Collected material:
------------------------------------------------

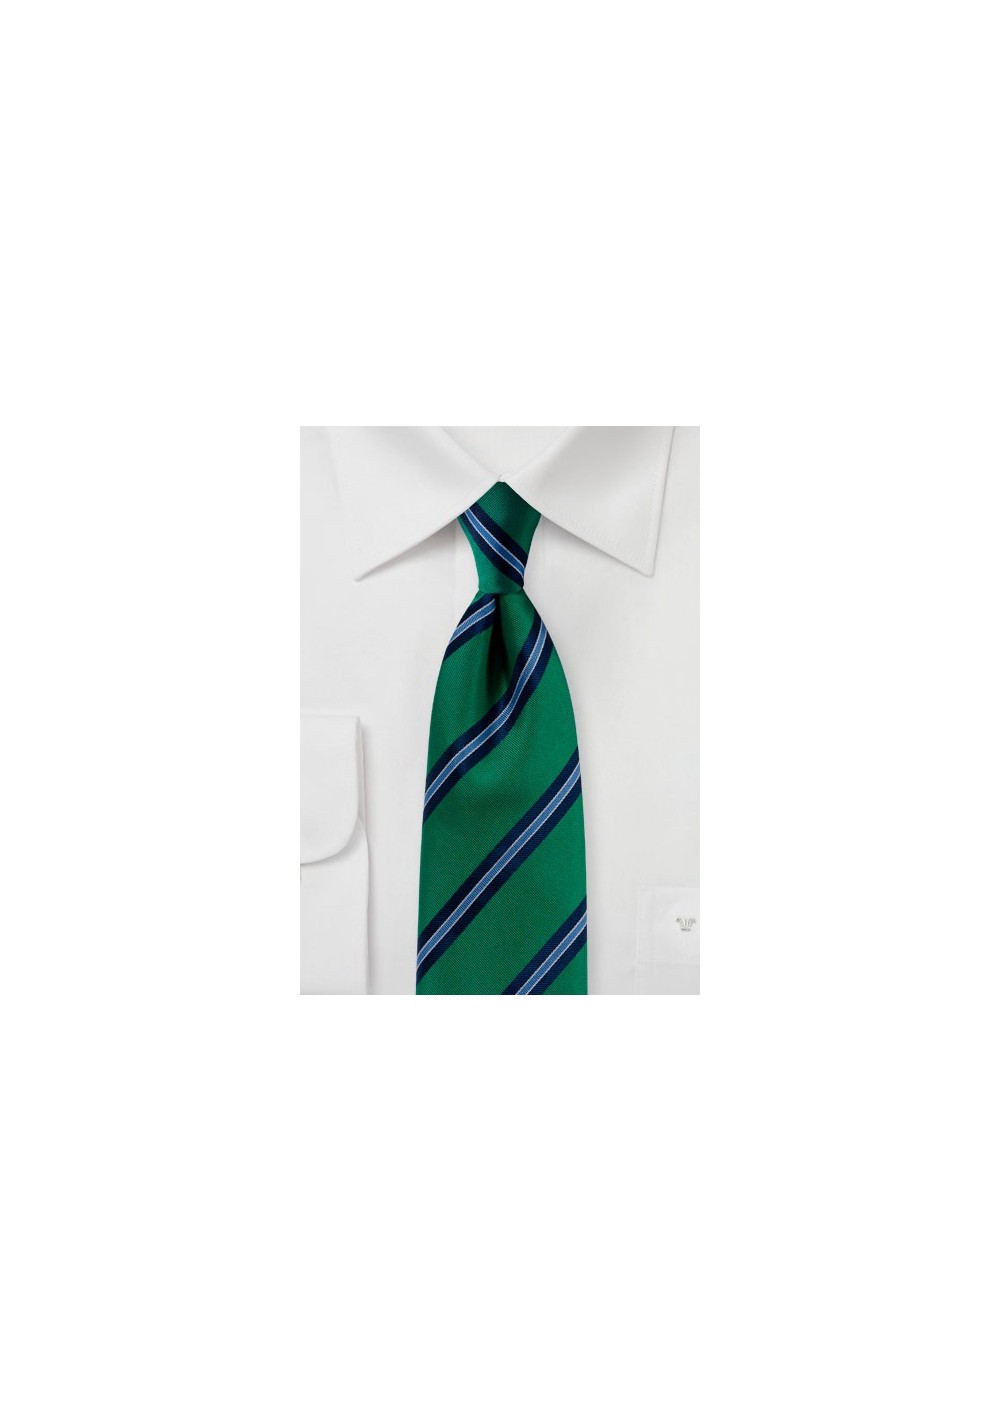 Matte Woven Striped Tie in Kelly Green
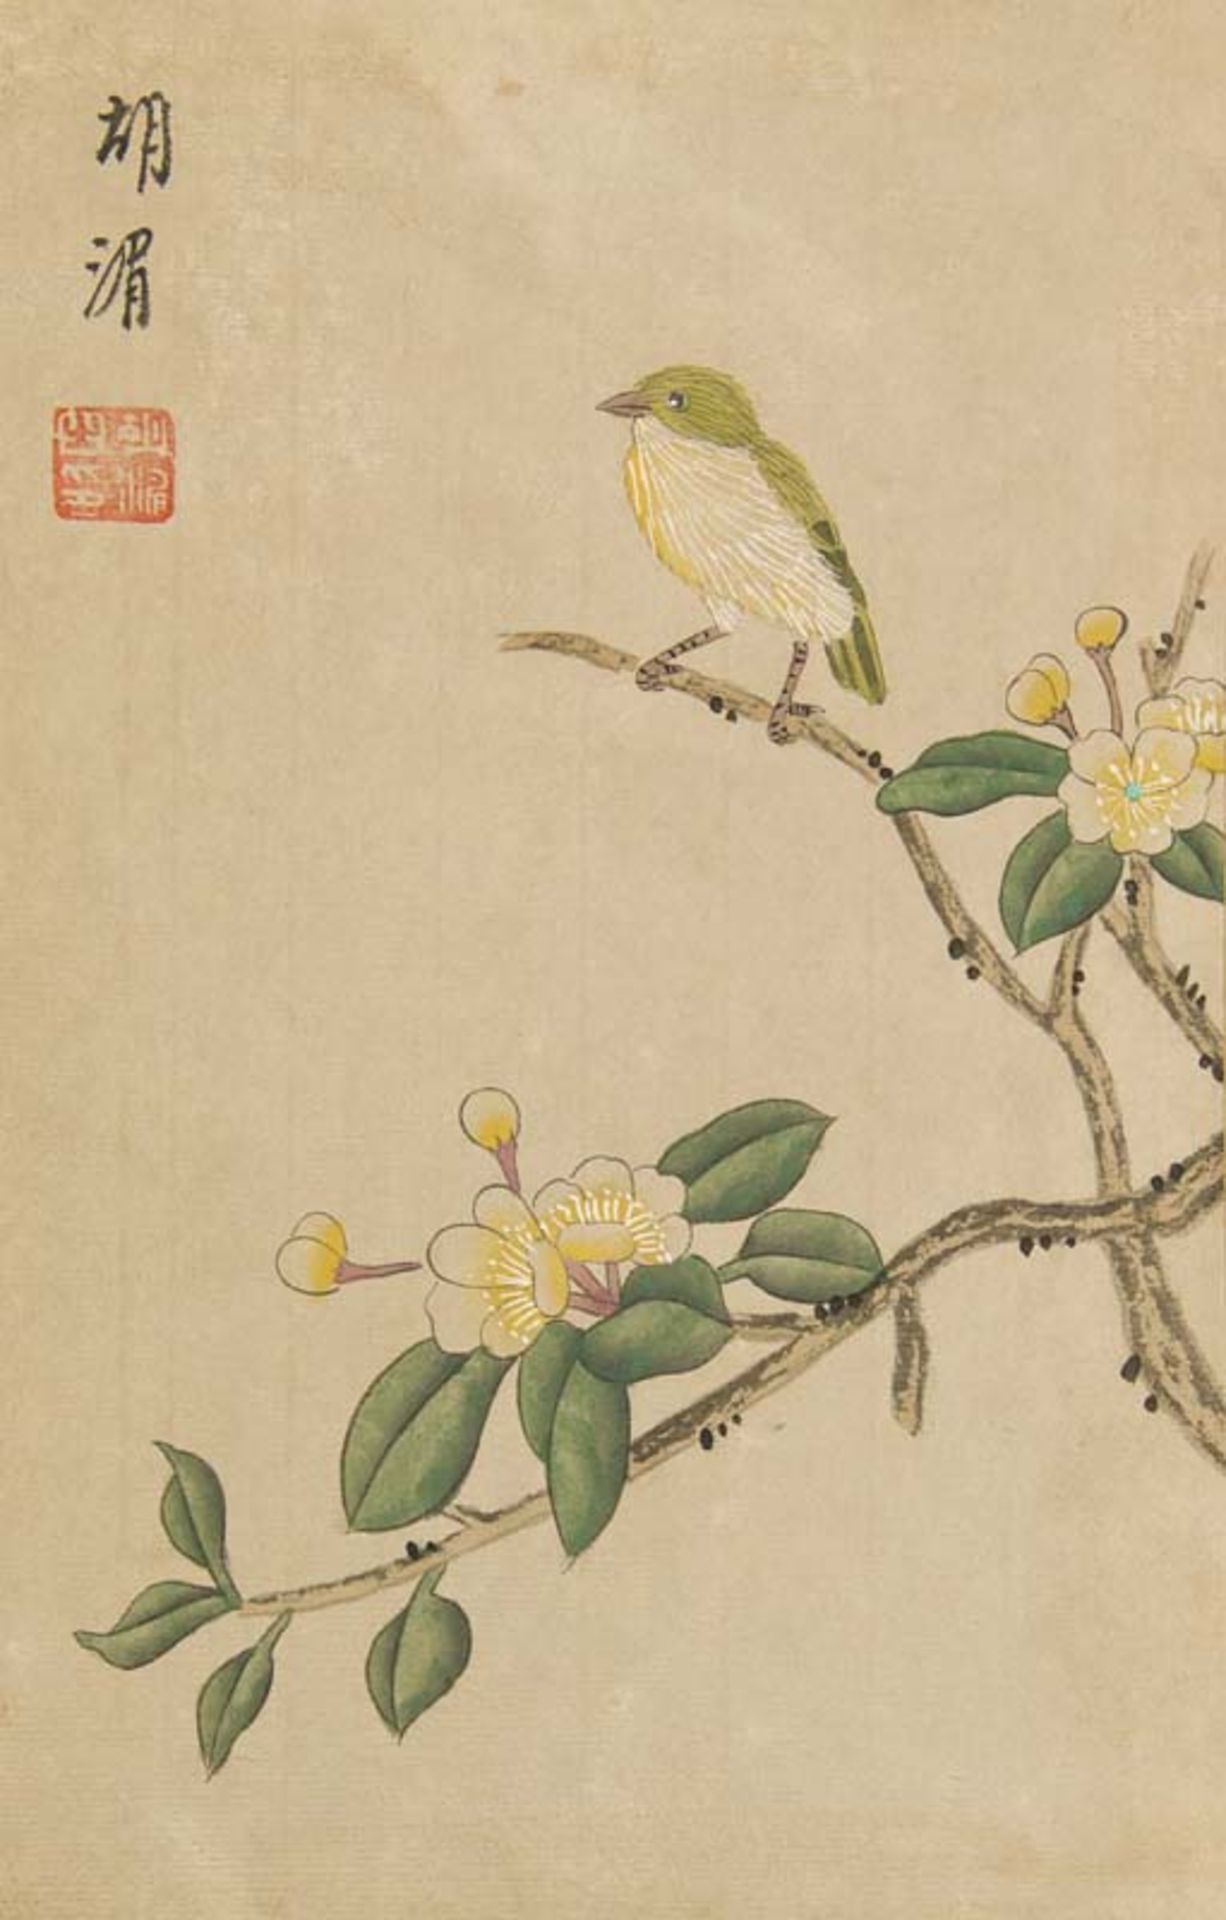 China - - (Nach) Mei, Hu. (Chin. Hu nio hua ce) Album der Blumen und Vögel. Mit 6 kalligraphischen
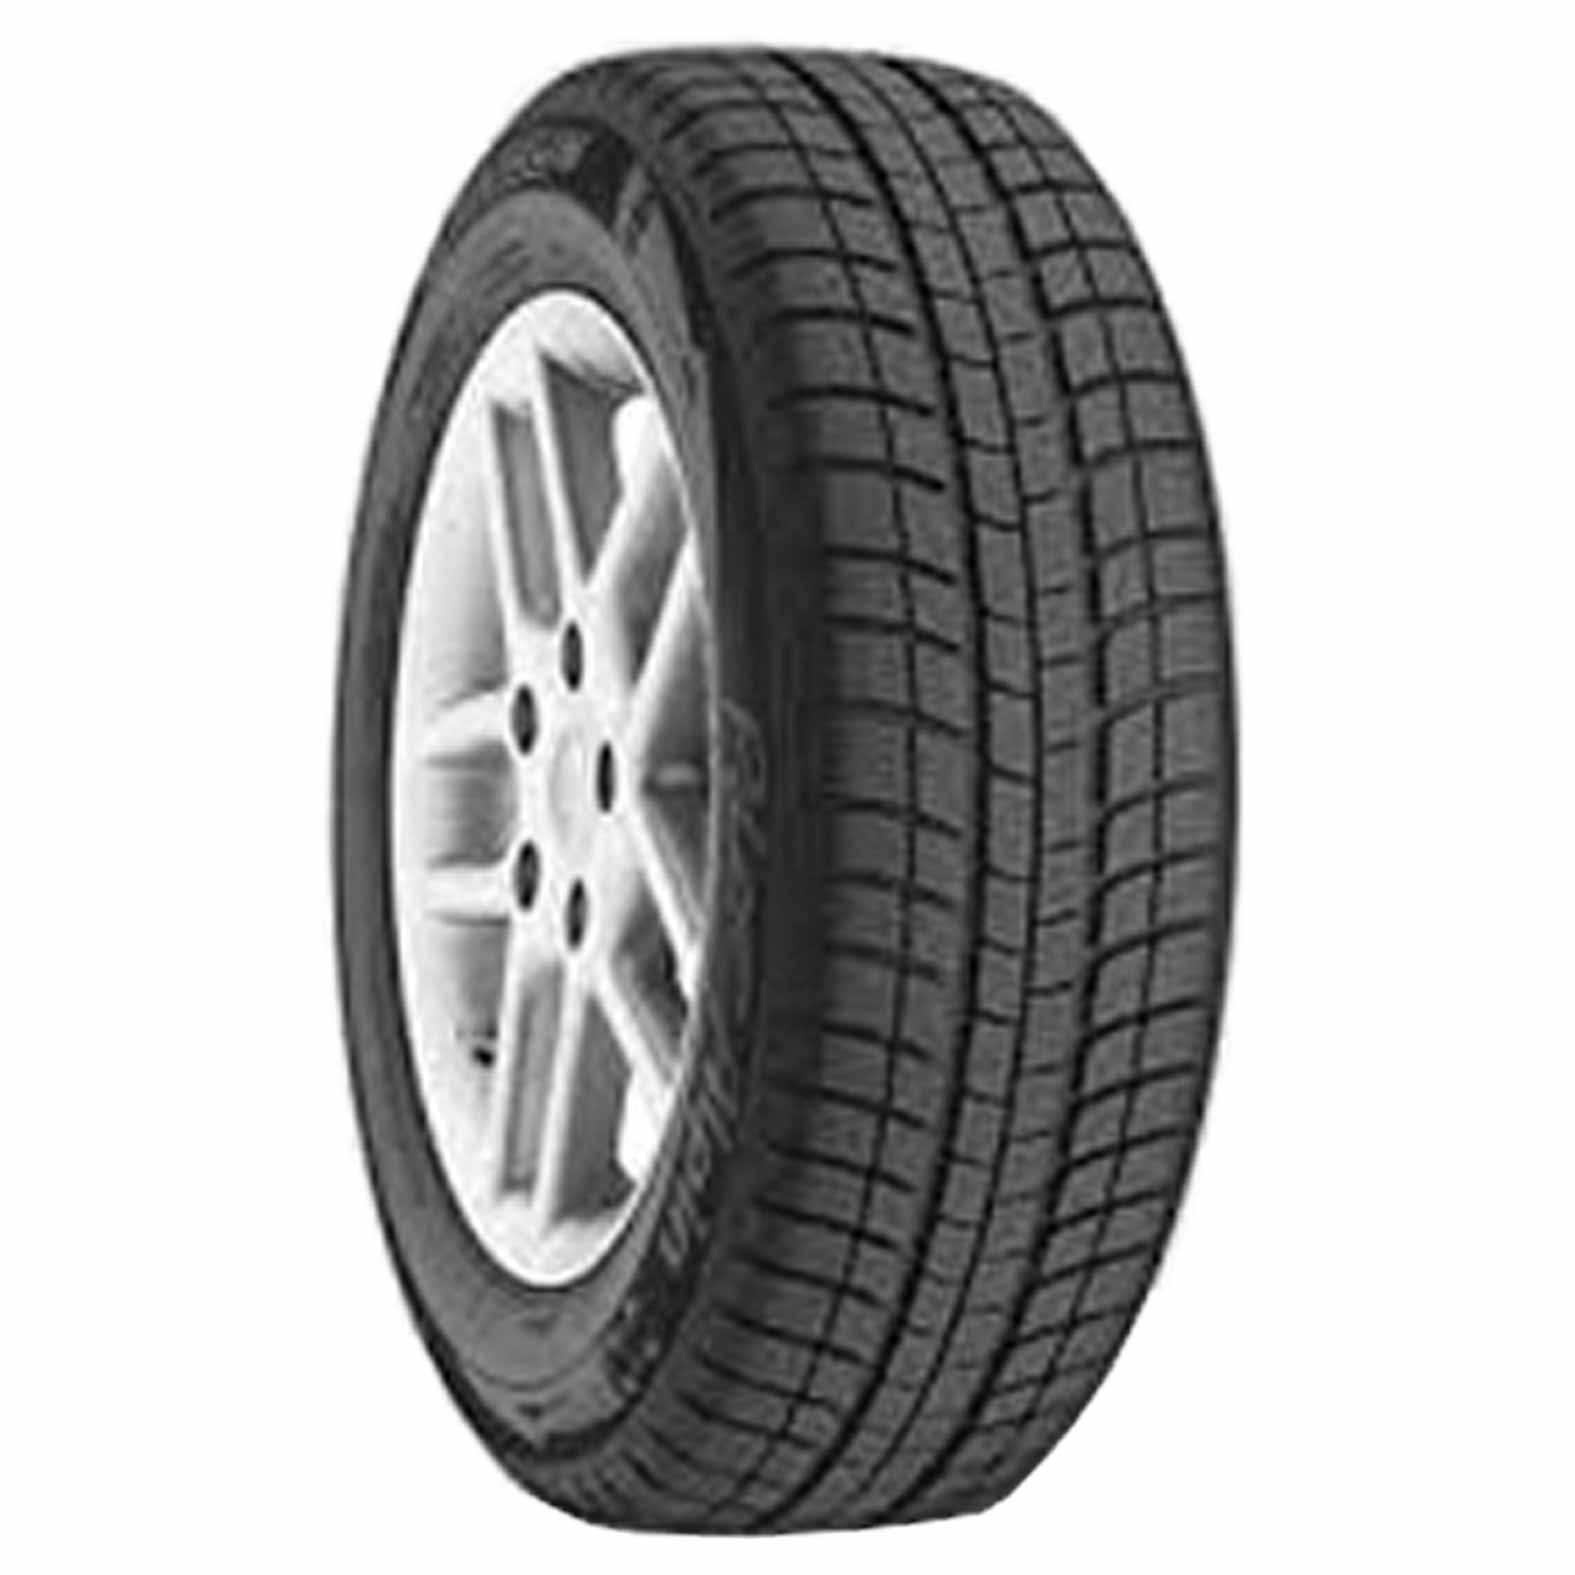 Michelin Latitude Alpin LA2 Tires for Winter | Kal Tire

------------------------------------------------

Problem statement:
Transcribe all the lines above exactly; any image among them is skipped.

Answer to the problem:
 Matte Woven Striped Tie in Kelly Green
 China - - (Nach) Mei, Hu. (Chin. Hu nio hua ce) Album der Blumen und Vögel. Mit 6 kalligraphischen
 Michelin Latitude Alpin LA2 Tires for Winter | Kal Tire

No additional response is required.